1Center for Kidney and Blood Pressure Diseases, Georg-Haas-Dialysis Center, Giessen, Germany; 2Fresenius Medical Care, Global Medical Office, Bad Homburg, Germany

Correspondence: Adelheid Gauly
Fresenius Medical Care Deutschland GmbH, Global Medical Office, Else-Kröner-Strasse 3, Bad Homburg, 61352, Germany
Tel +49 6172 6092260
Email [email protected]

Purpose: Volume management in hemodialysis (HD) requires the ability to assess volume status objectively and determine treatment strategies that achieve euvolemia without compromising hemodynamic stability. The aim of this study was to compare dialysis with and without blood volume-controlled ultrafiltration (UF) in combination with body composition monitoring, and to evaluate indicators for adequate dialysis (Kt/V), ultrafiltration volume, fluid status, and the occurrence of intradialytic morbid events (IME).
Patients and Methods: Patients undergoing hemodialysis or on-line hemodiafiltration with support of a blood volume monitor (BVM) – a feedback control device integrated into the 5008 and 6008 HD systems – were enrolled. Patients received treatment for four weeks using the 6008 CAREsystem and the BVM (6008+). Data on dialysis dose (Kt/V), UF volume and predialysis fluid status were documented. This data was also documented retrospectively for four weeks with (5008+) and without (5008−) the use of the BVM with the 5008 system. Comparisons were analyzed using linear mixed models.
Results: Twenty-four patients were enrolled. Kt/V was unaffected by blood volume-controlled UF (5008− vs 5008+: p=0.230) and was equally achieved with both HD systems (5008+ vs 6008+: p=0.922). The UF volume and fluid status achieved were comparable, independent of the use of UF control with BVM (5008− vs 5008+; UF volume: p=0.166; fluid overload: p=0.390) or the HD system (5008+ vs 6008+: UF volume: p=0.003; fluid overload: p=0.838), except for UF volume being higher in the 6008+ phase. IMEs occurred in less than 3% of treatments, with no difference between study phases.
Conclusion: This study demonstrates that a clinical approach to kidney replacement therapy that tracks volume status and manages intradialytic fluid removal by blood volume-controlled UF delivers adequate dialysis without compromising fluid removal.
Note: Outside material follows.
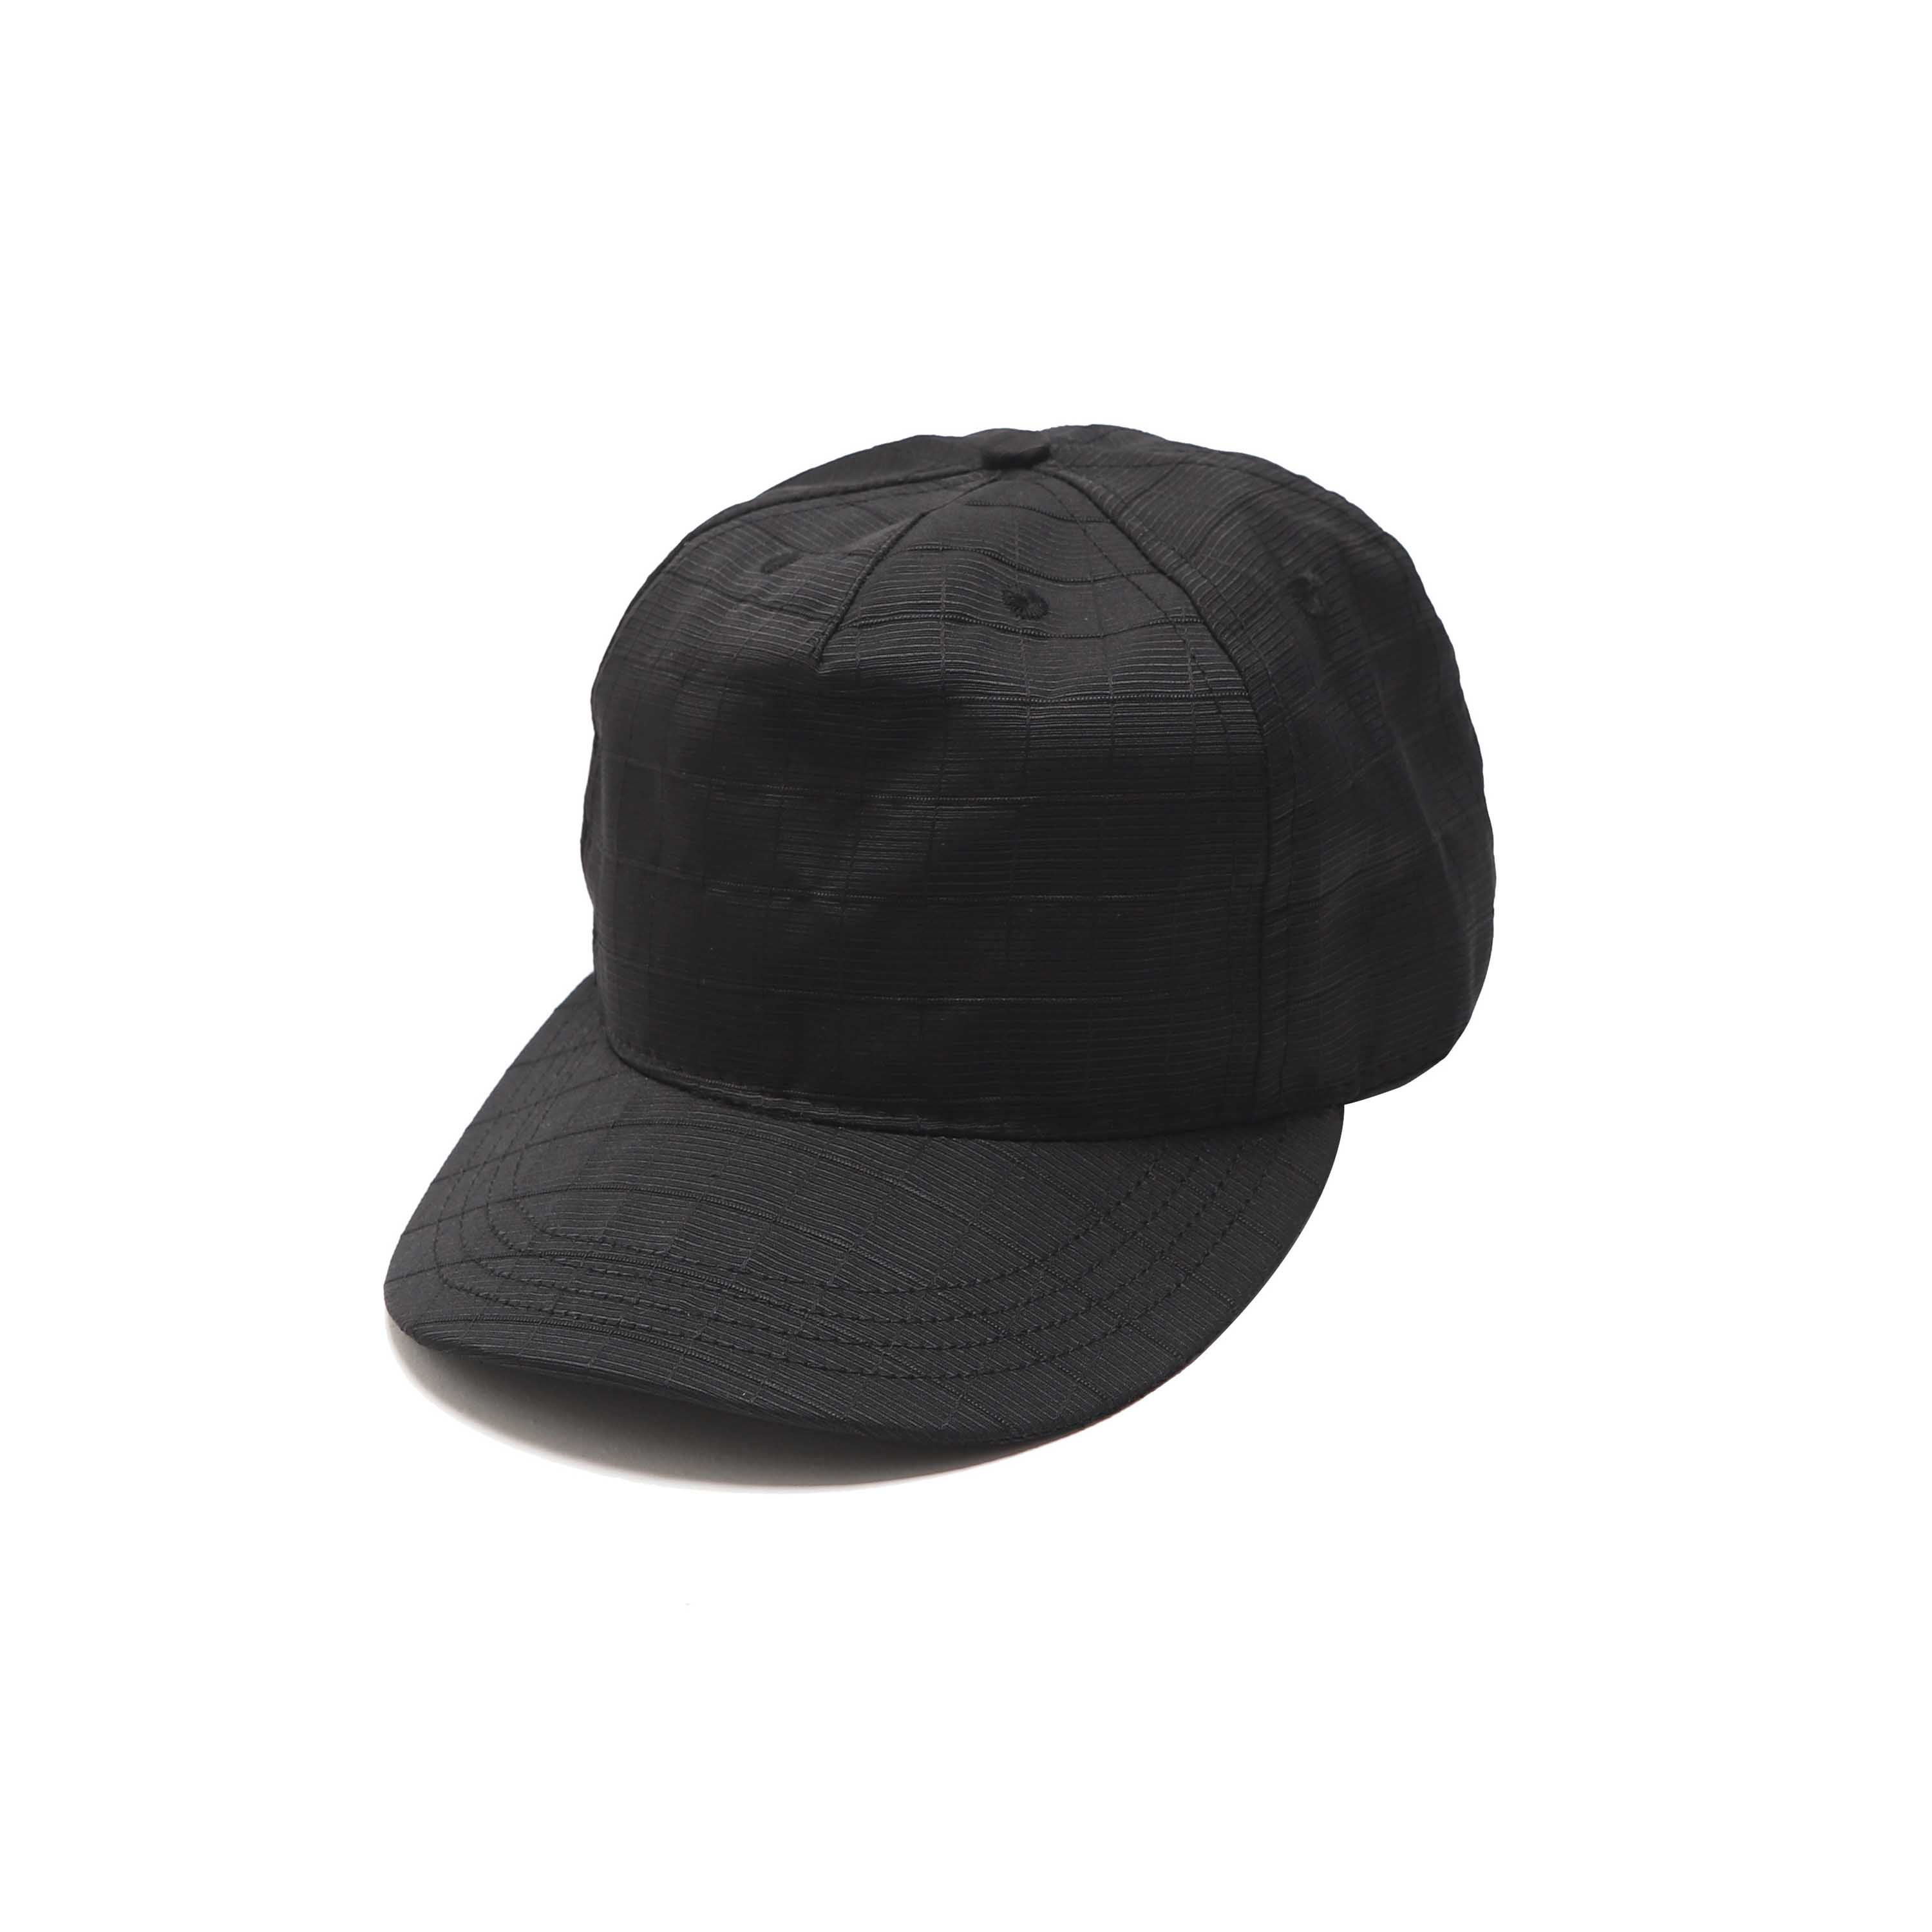 PLEAT CAP - BLACK

It maintains volume status and ensures low incidence of IMEs.

Keywords: fluid status, blood volume monitoring, body composition monitoring, dialysis dose, intradialytic morbid events

Introduction

In patients with kidney failure receiving kidney replacement therapy (KRT), volume management is a major challenge. Decreasing kidney function and gradual loss of diuresis go along with an increased risk of volume overload. This can contribute to hypertension and heart failure and is associated with increased mortality risk.1–3 Therefore, avoidance and reduction of volume excess mainly accumulating in the extracellular space are recommended to improve blood pressure control4 and reduce mortality risk.2 The use of aggressive ultrafiltration strategies in hemodialysis (HD) is usually limited because cardiovascular comorbidities may lead to intolerance of marked blood volume reduction during dialysis and may enhance intradialytic hemodynamic instability.5 Volume depletion may cause intradialytic hypotension and other intradialytic morbid events, which are also associated with adverse patient outcomes.6,7

It is therefore crucial to determine optimal volume status, employ assessment methods and implement treatment strategies to bring patients carefully to euvolemia without, for example, excess ultrafiltration rates, which have been identified as a mortality risk factor.8,9

Management of the patient’s volume status includes its control over the long term and during single dialysis sessions. Long-term management may involve the use of clinical and technical approaches, including, among others, bioimpedance spectroscopy,10,11 lung ultrasound,12 natriuretic peptides13 and clinical assessment.14 Controlling intradialytic volume status is challenging due to restricted HD session time and the requirement of achieving a tolerable ultrafiltration rate to remove accumulated fluid.

Blood volume changes during hemodialysis depend on the balance between ultrafiltration and plasma refilling. These usually do not occur at the same rate, leading mostly to decreased blood volume.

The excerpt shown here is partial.